# Work request
An exact reproduction of the data below is expected, free of images.

# Source data
┏━━
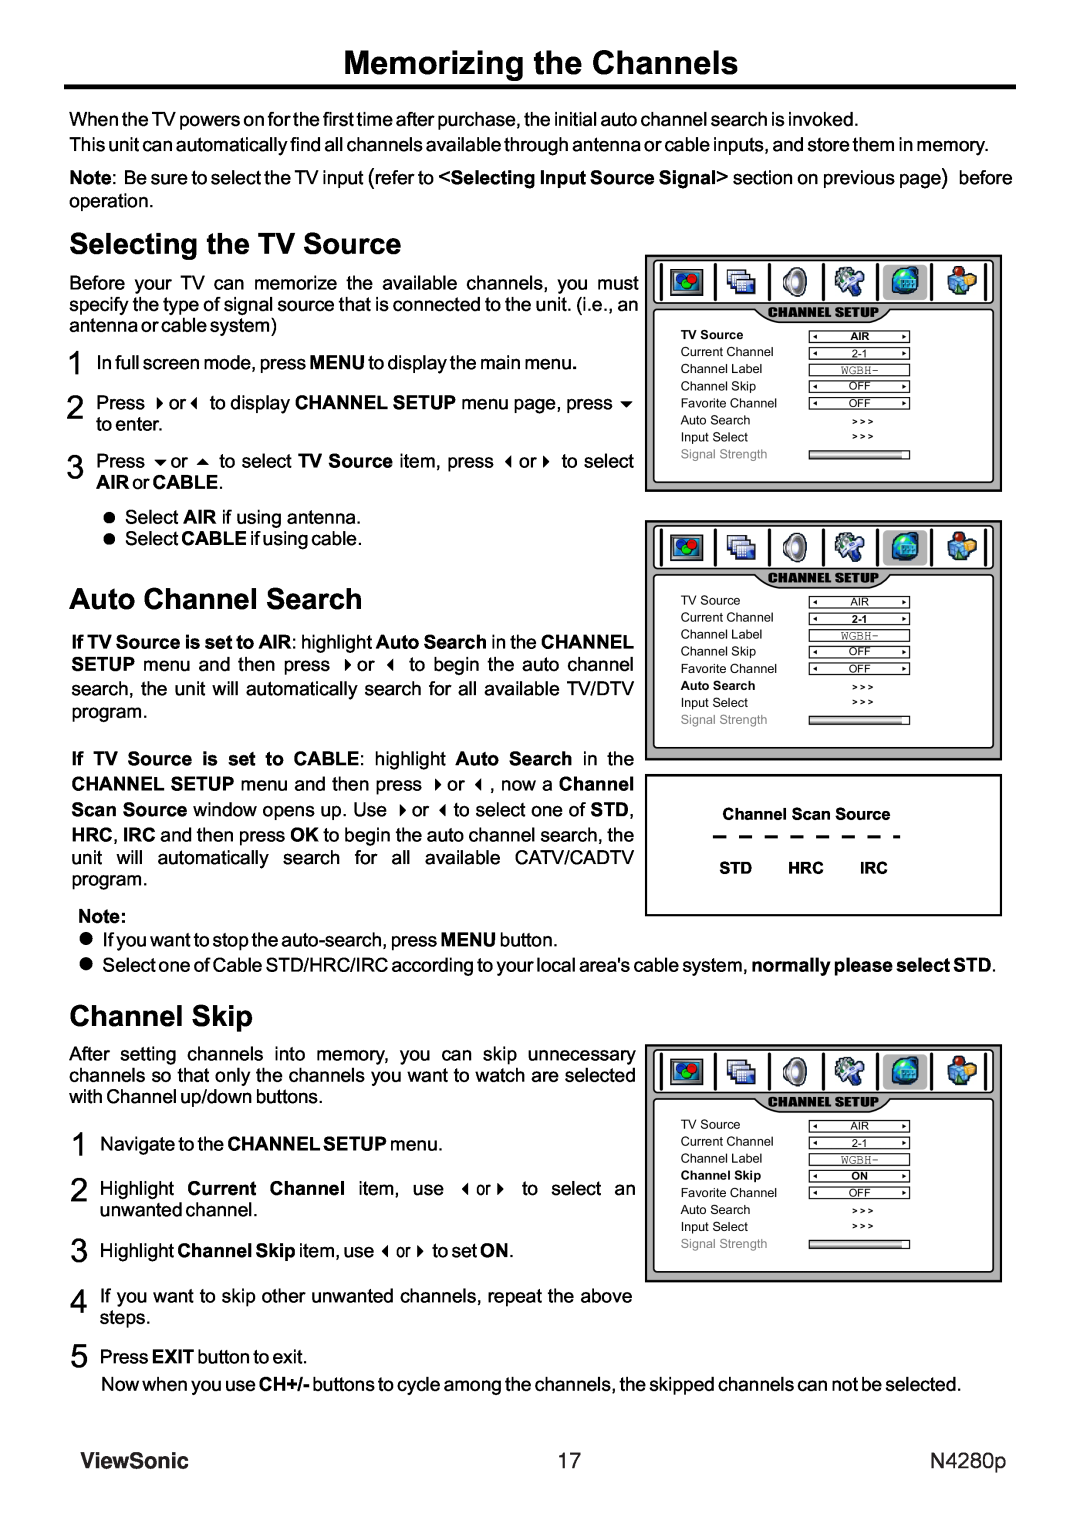 ViewSonic N4280p manual Memorizing the Channels, Selecting the TV Source, Auto Channel Search, Channel Skip, ViewSonic 
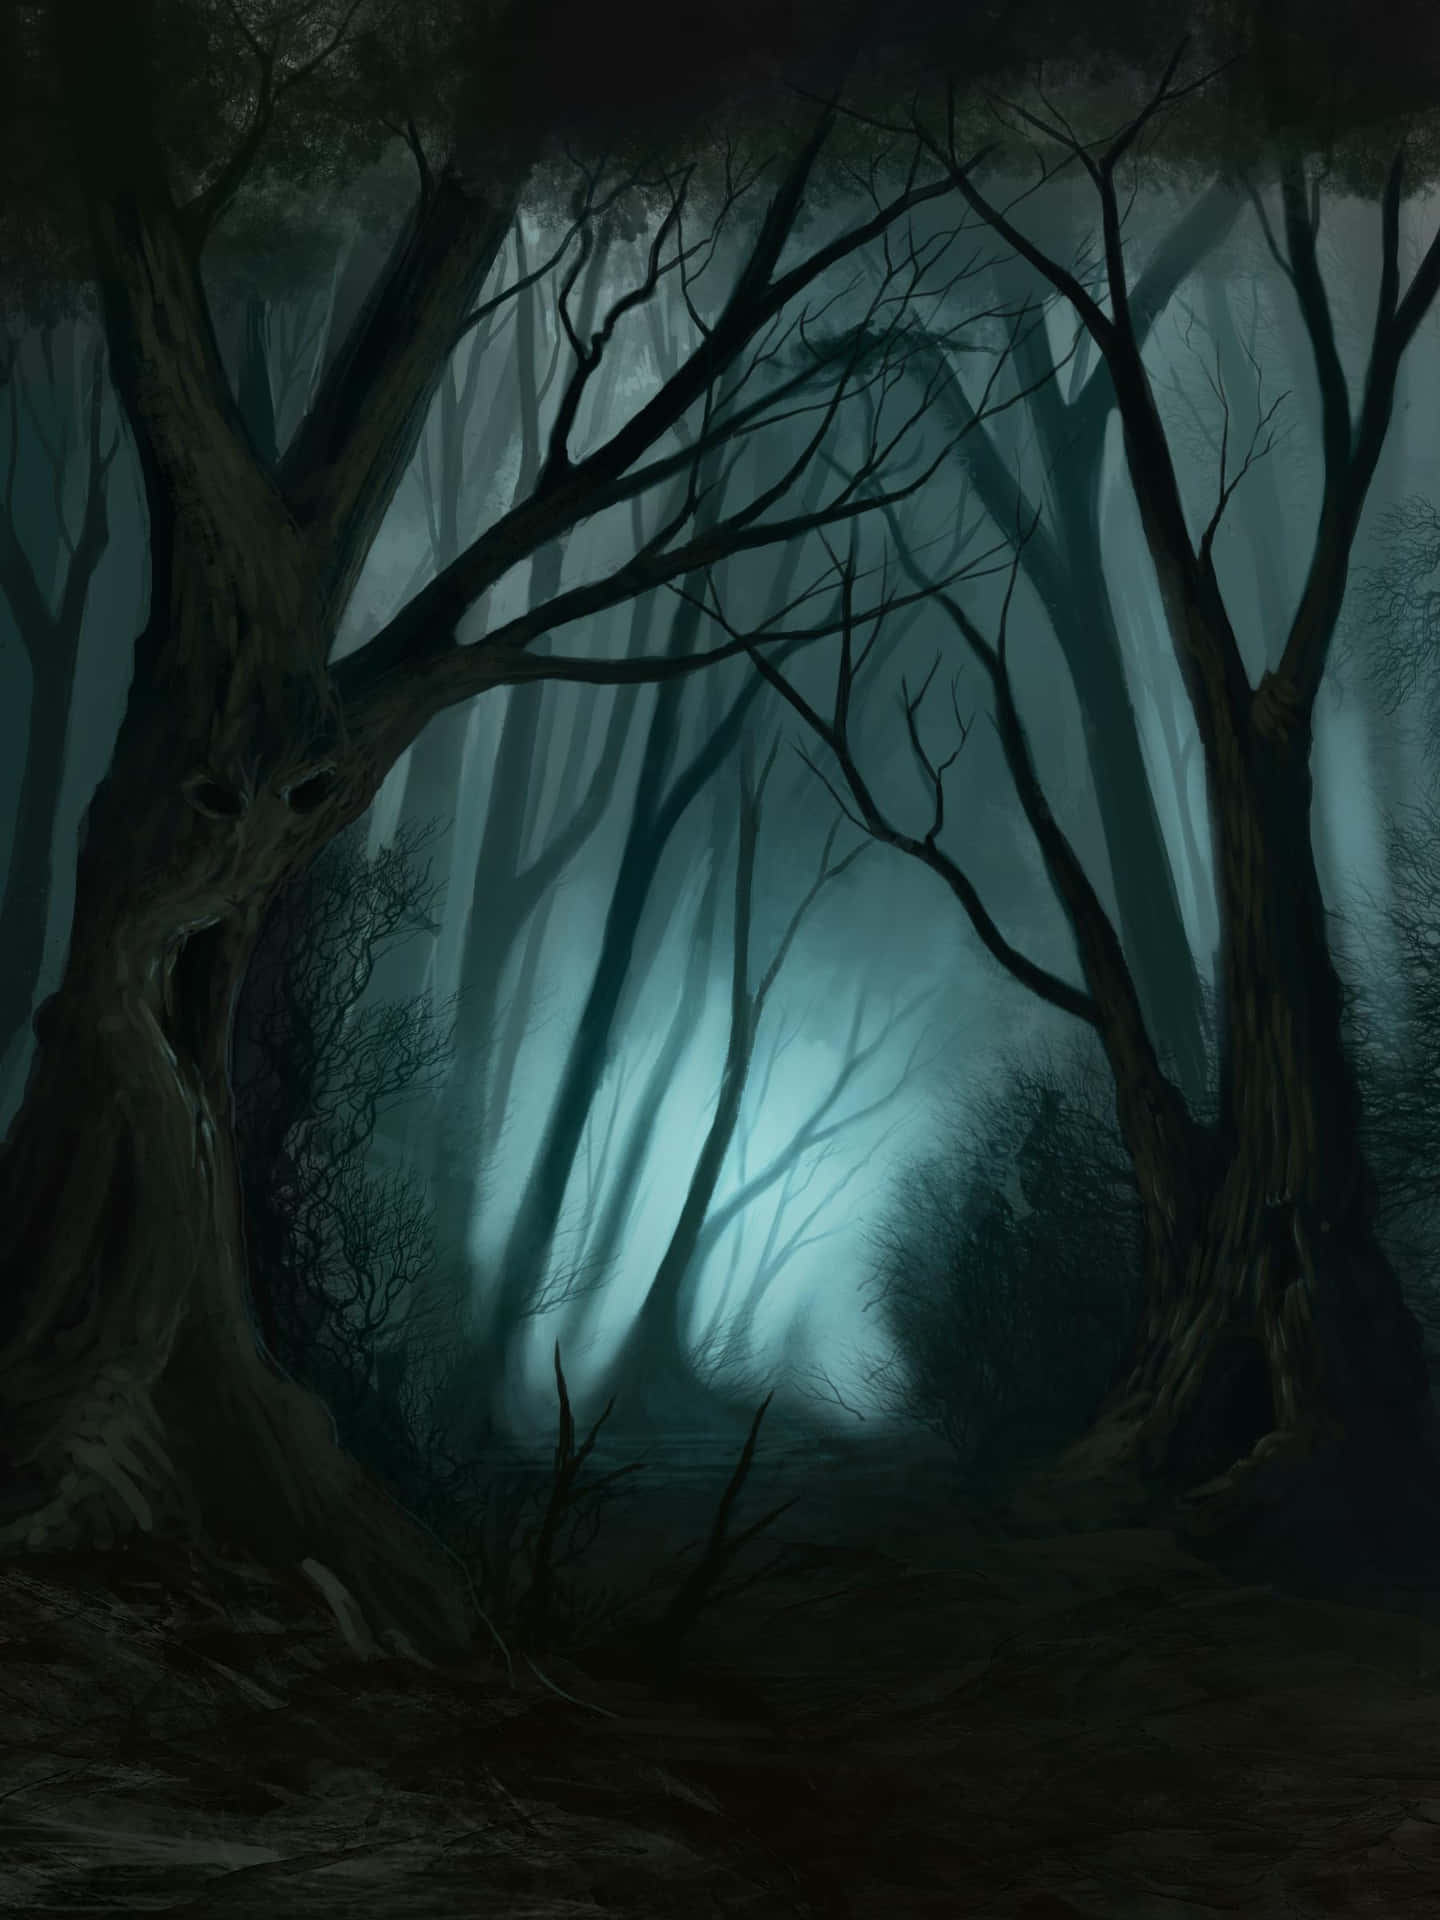 "A Gloomy and Sinister Feeling filled the air of the Haunted Forest" Wallpaper
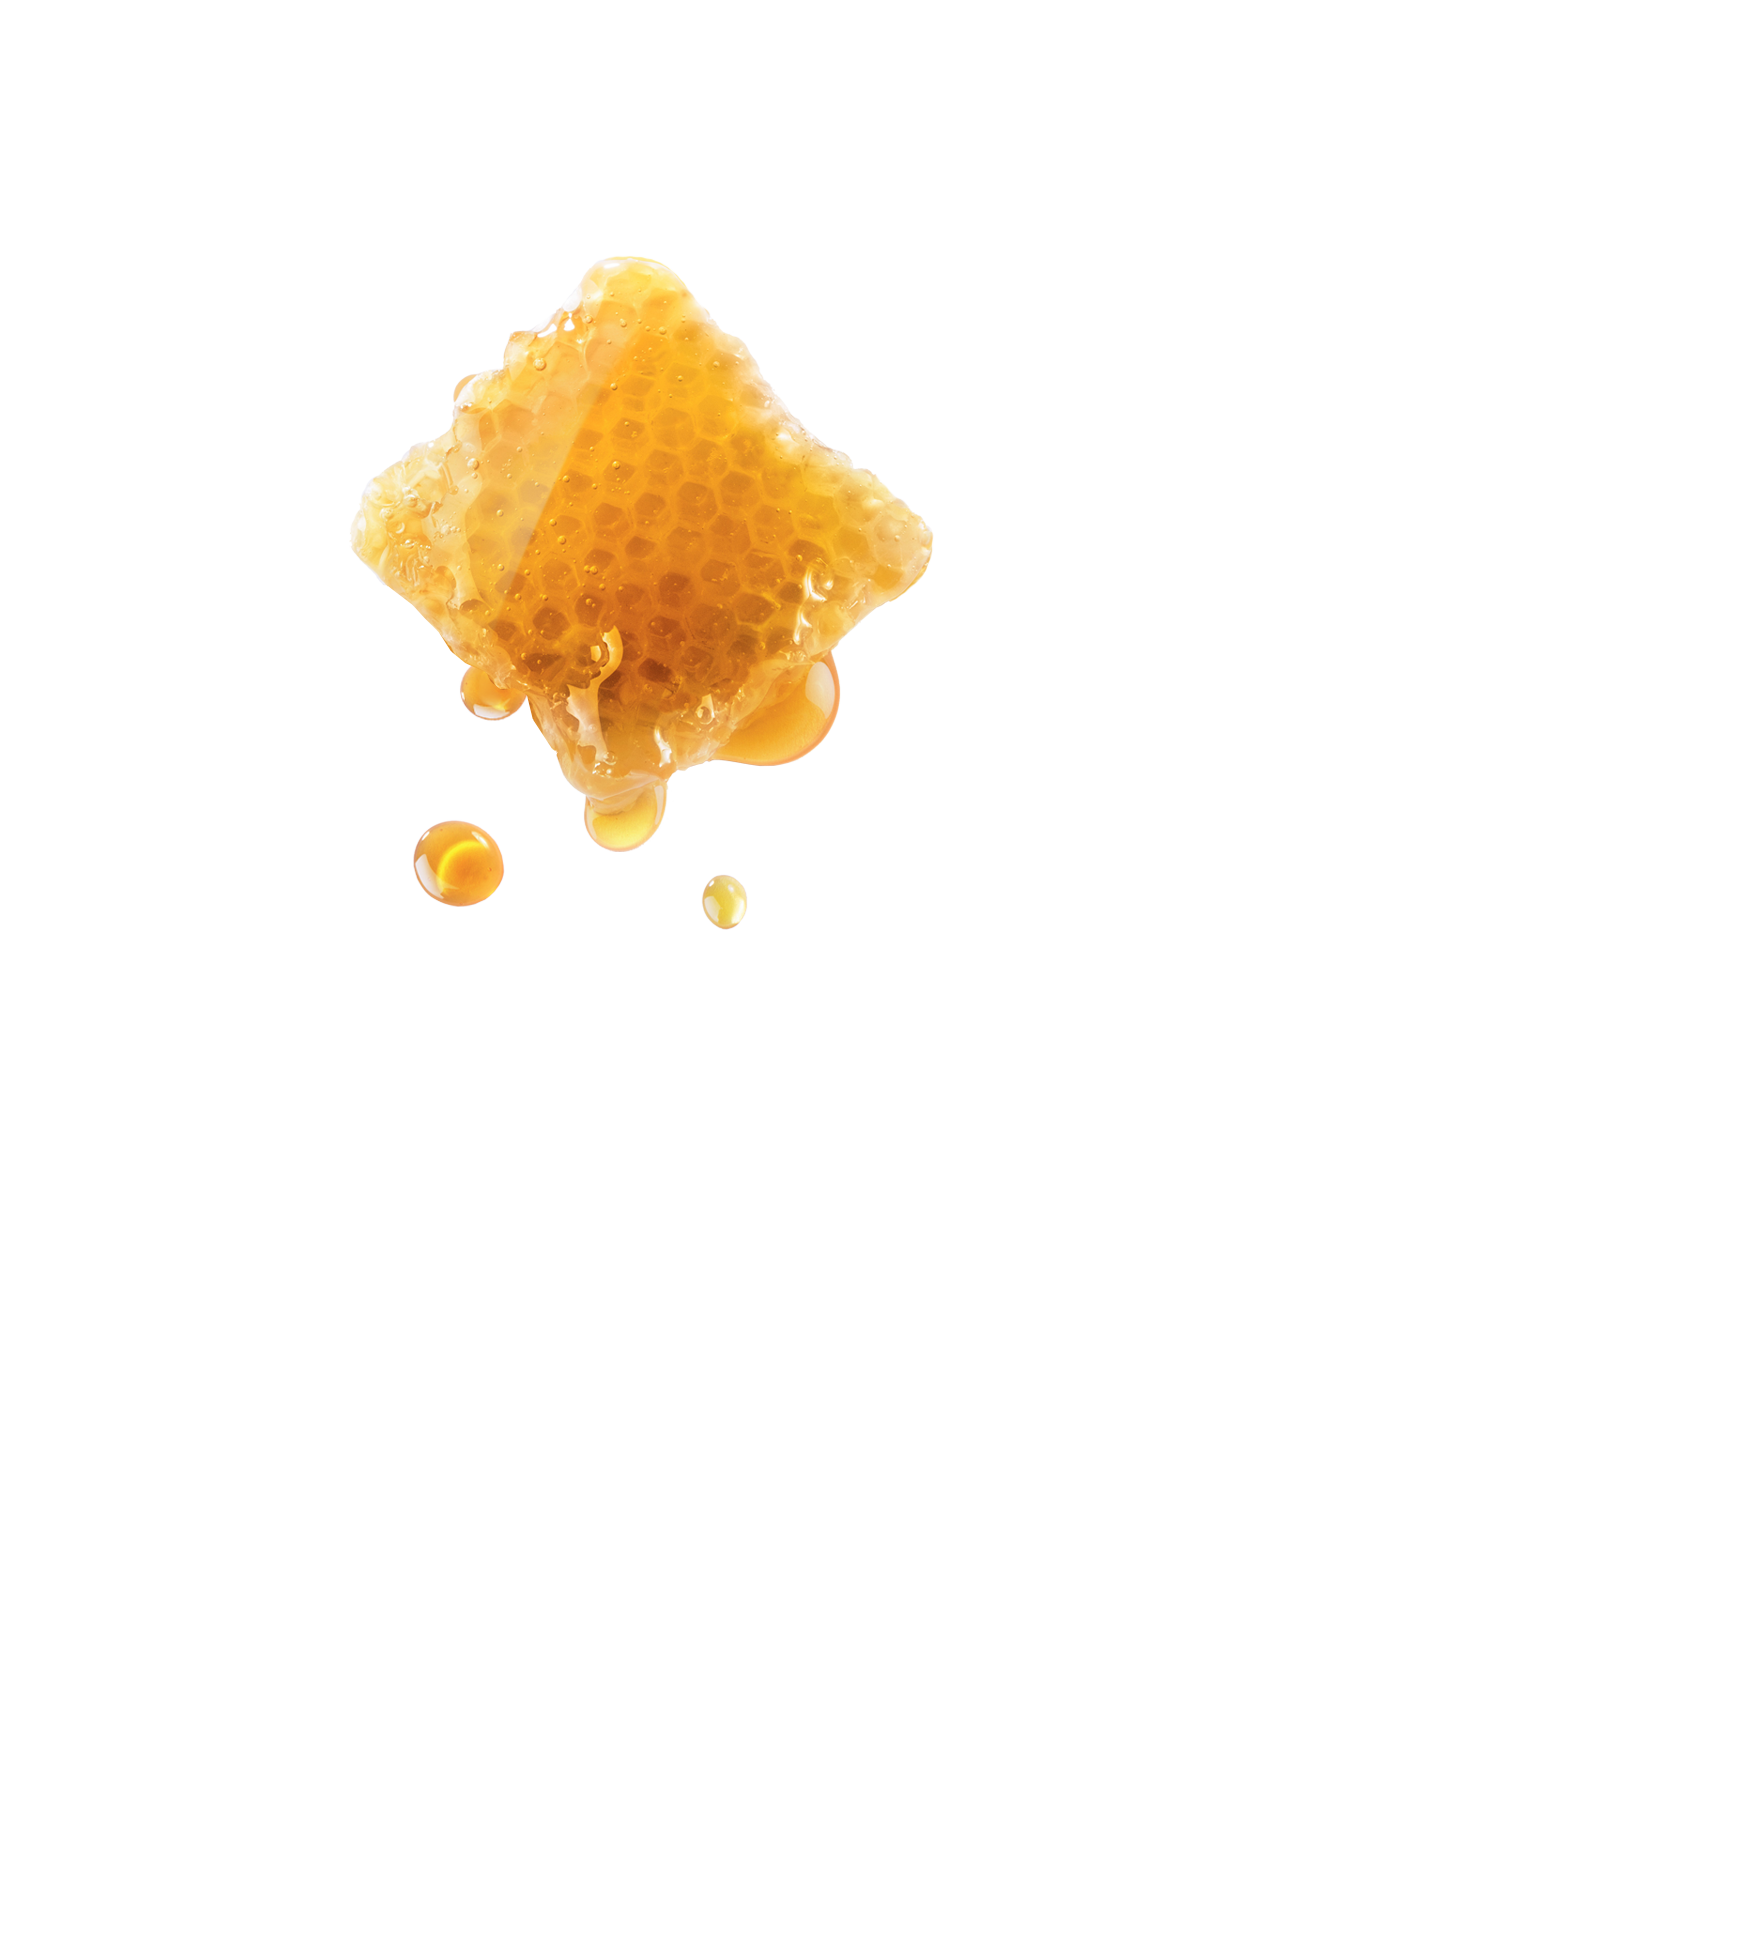 Beeswax for natural pain relief
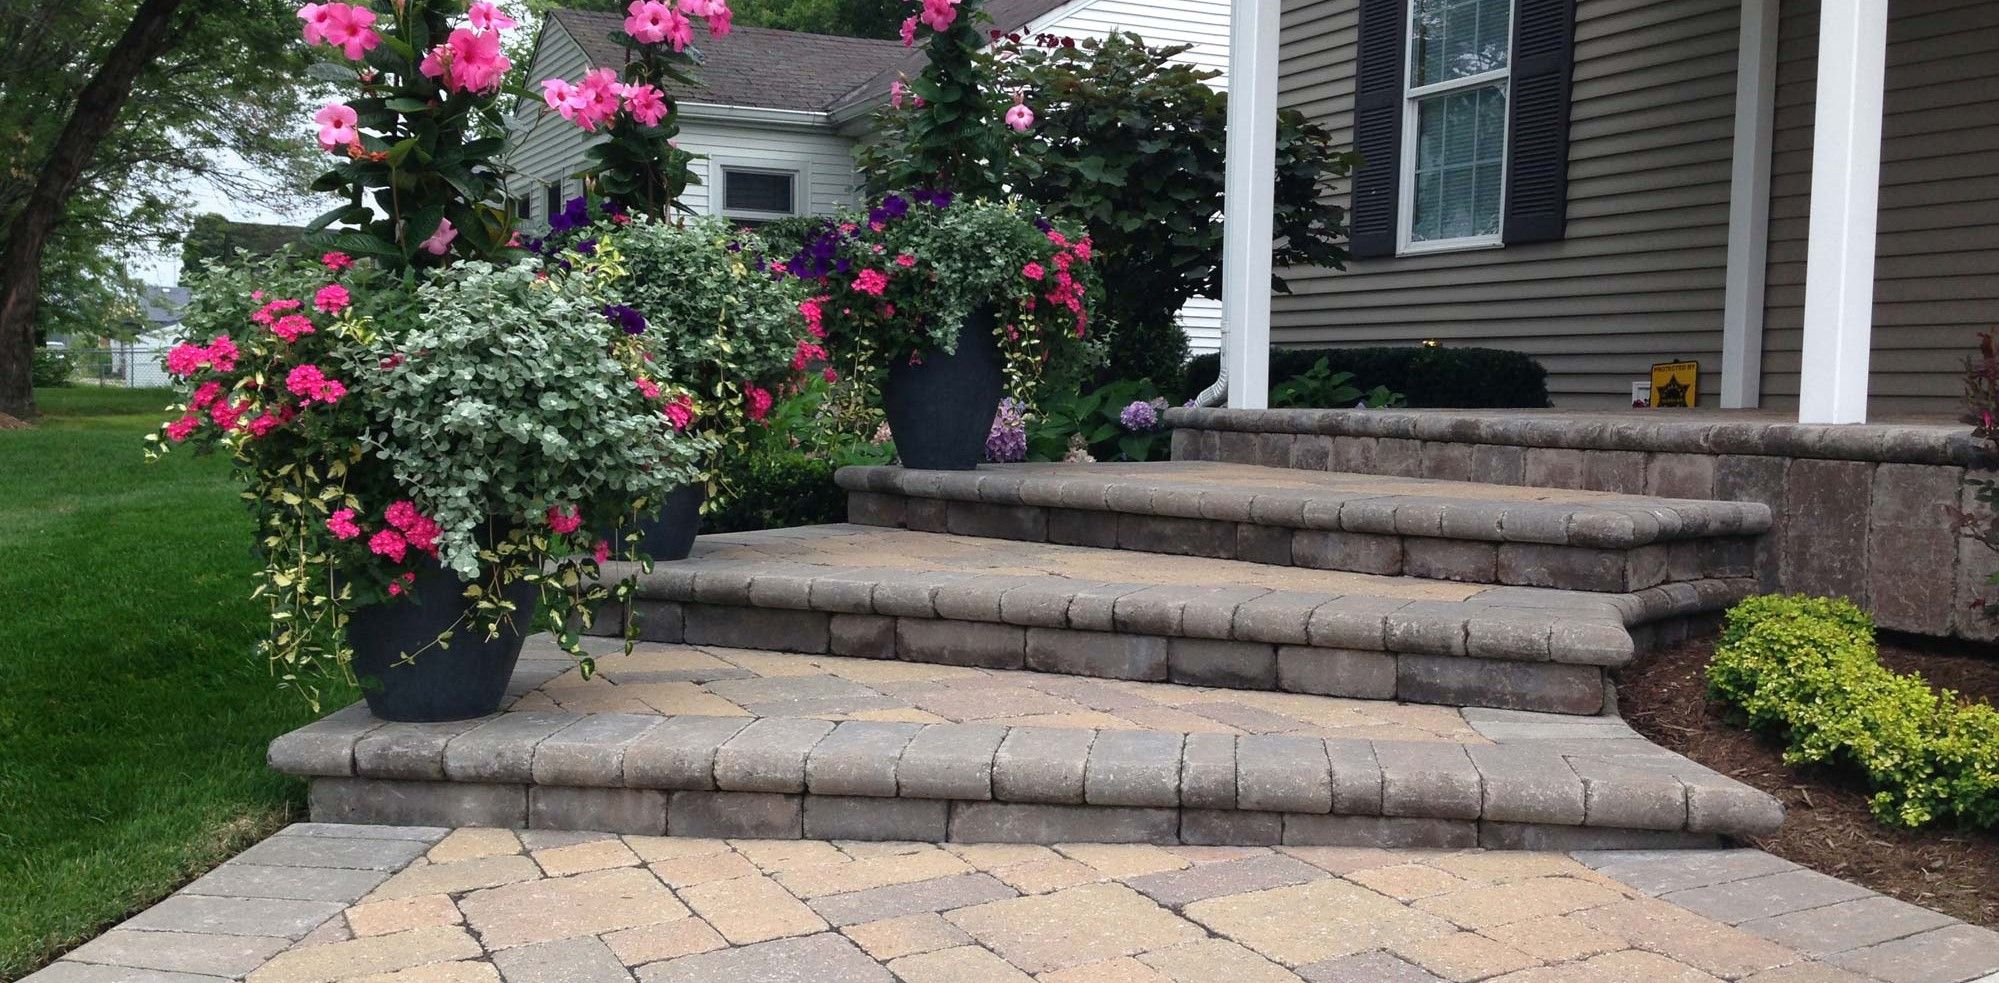 Paver steps with flowering planters.
┗━━
# Answer for the task
 ViewSonic N4280p manual Memorizing the Channels, Selecting the TV Source, Auto Channel Search, Channel Skip, ViewSonic 
 "A Gloomy and Sinister Feeling filled the air of the Haunted Forest" Wallpaper
 Beeswax for natural pain relief
 Paver steps with flowering planters.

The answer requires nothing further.